Ve’ondre Mitchell (she/her/hers)
Seattle, Washington

Ve’ondre Mitchell is a 16-year-old proud Black/Latinx trans woman of color. She is currently in her junior year of high school and is a fierce advocate on social media. Since she was a child, Mitchell has been driven to unapologetically live her truth, and she finds innovative and creative ways to educate and lift up the voices that need to be heard! Mitchell’ shines a light on popular topics of interest by sharing her experiences, giving advice and hopes and demonstrating self-confidence and self-love by sharing educational videos to a large online audience. To make changes and spread awareness in her school and her community, Mitchell strongly believes in trans visibility. She demonstrates this by singing in school assemblies, coaching her school dance team, participating in the Black Student Union, doing enlightening interviews and marching and protesting against racial and gender inequality.

Ash Silcott (they/them/theirs)

Ash Silcott is a 15-year-old non-binary person from Wyoming. Silcott’s story started when they were little and their mom took them to their first women’s march and pride march. Although they have a supportive family, Silcott still had trouble understanding themself. Their peers started using ‘gay’ as an insult and made Silcott feel unwanted. This continued until Silcott got to eighth grade and became a member of their school’s GSA. Not long after, a group of kids in Silcott’s grade put up racist and anti-LGBTQ posters in their school. Silcott quickly acted to defend their fellow students and went to every school board meeting, despite being the only student from the school there. But instead of helping the students who were the victims, the school decided to ban rainbows in an attempt to stop the controversy.

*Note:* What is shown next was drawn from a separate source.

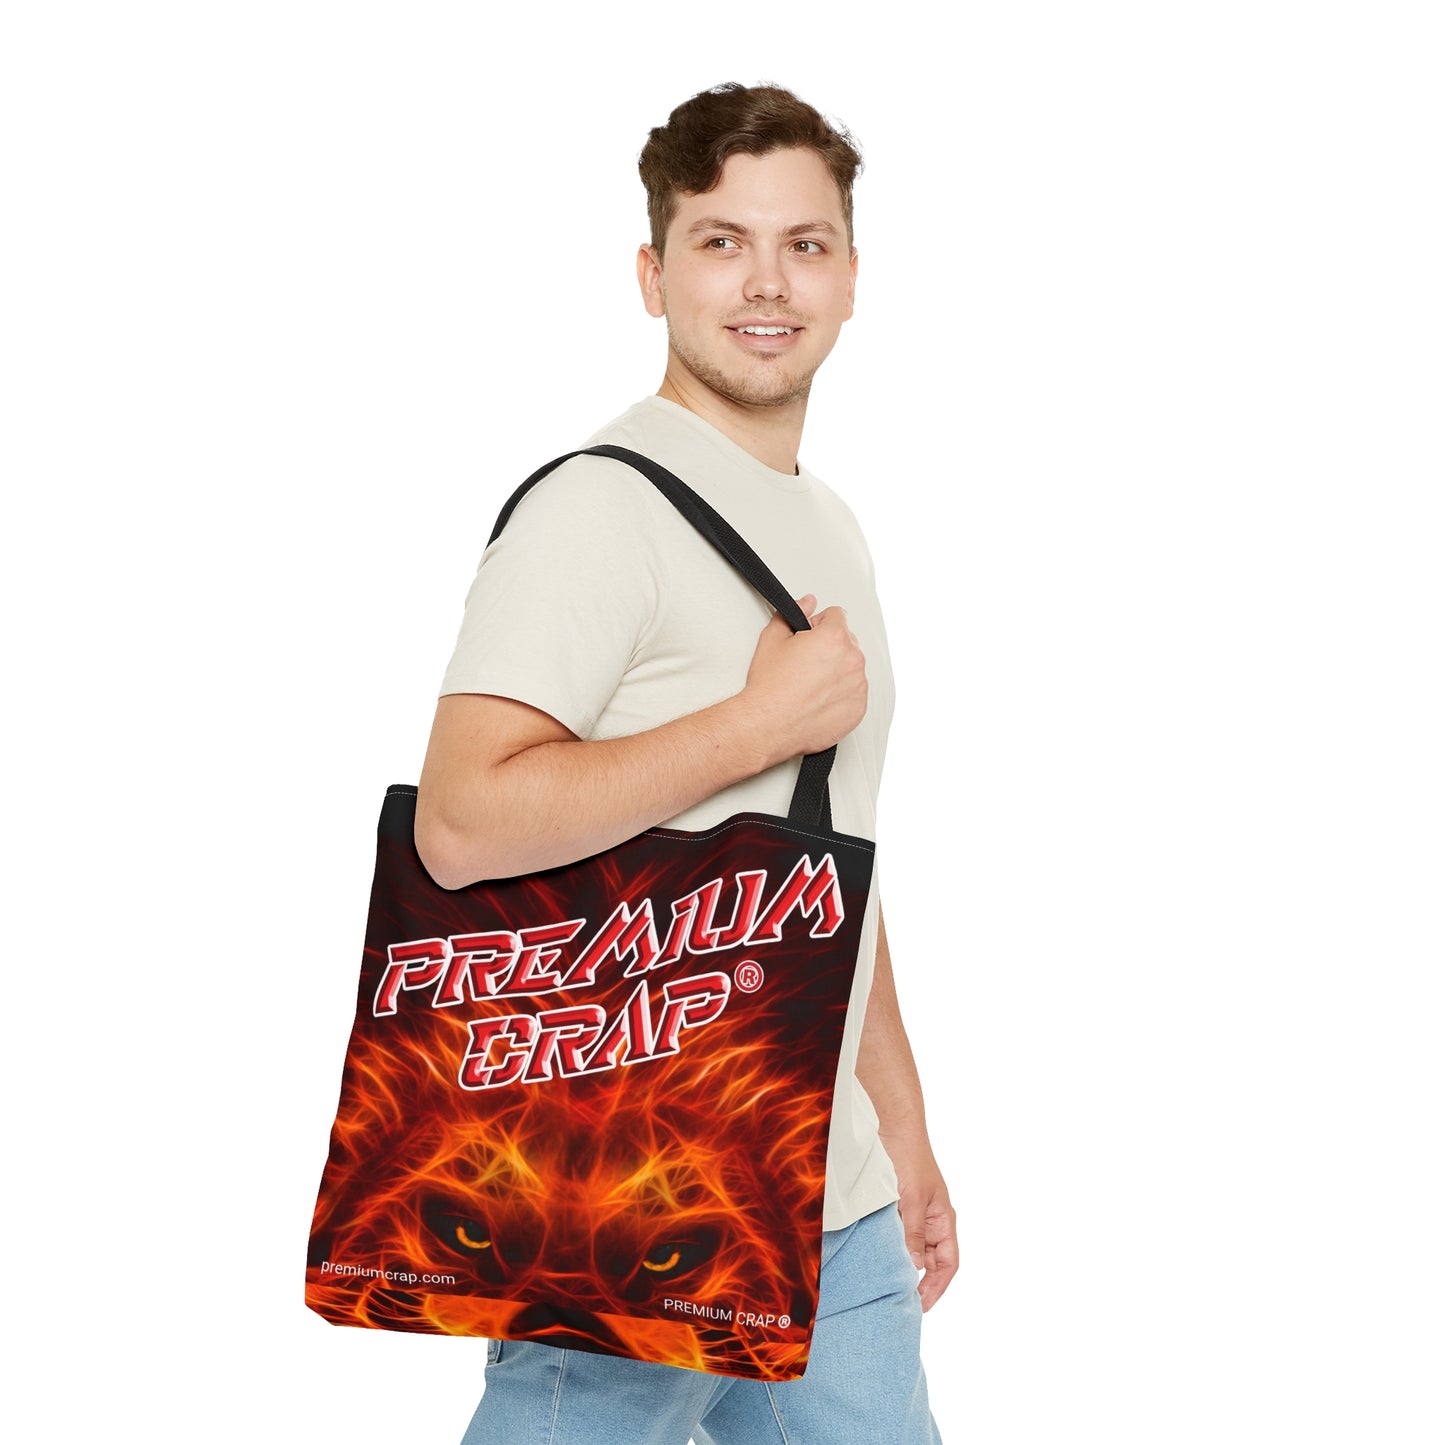 Premium Crap Artistry Tote Bag

Instead of giving up, Silcott decided to do something bold and returned to school the next week with dyed rainbow hair. Not long after, one of the kids behind the posters was suspended, and the school began to become more inclusive by hiring new staff members to do acceptance trainings. Silcott continues to advocate for the LGBTQ community and Black lives.

Jalen Smith (he/him/his)
South Pasadena, California

Jalen Smith is a community college graduate and human rights activist from Pasadena, California, currently studying political science and film. In 2018, Smith sought to better educate those around him and make mental health resources more available by partaking in his own social advocacy. Having worked with city government and been involved with various LGBTQ+ organizations, he seeks to ensure the well-being and livelihood of queer, gender-diverse youth everywhere. After speaking with journalists and state legislators nationwide about the struggles faced by young people, Smith has gone on to lobby for monumental bills like the Equality Act, intern for the United States Senate, and even model for rap group Brockhampton. Moreover, as an advocate, he not only aims to help others feel valid in their identities, but help them understand the importance of living their story and their truth.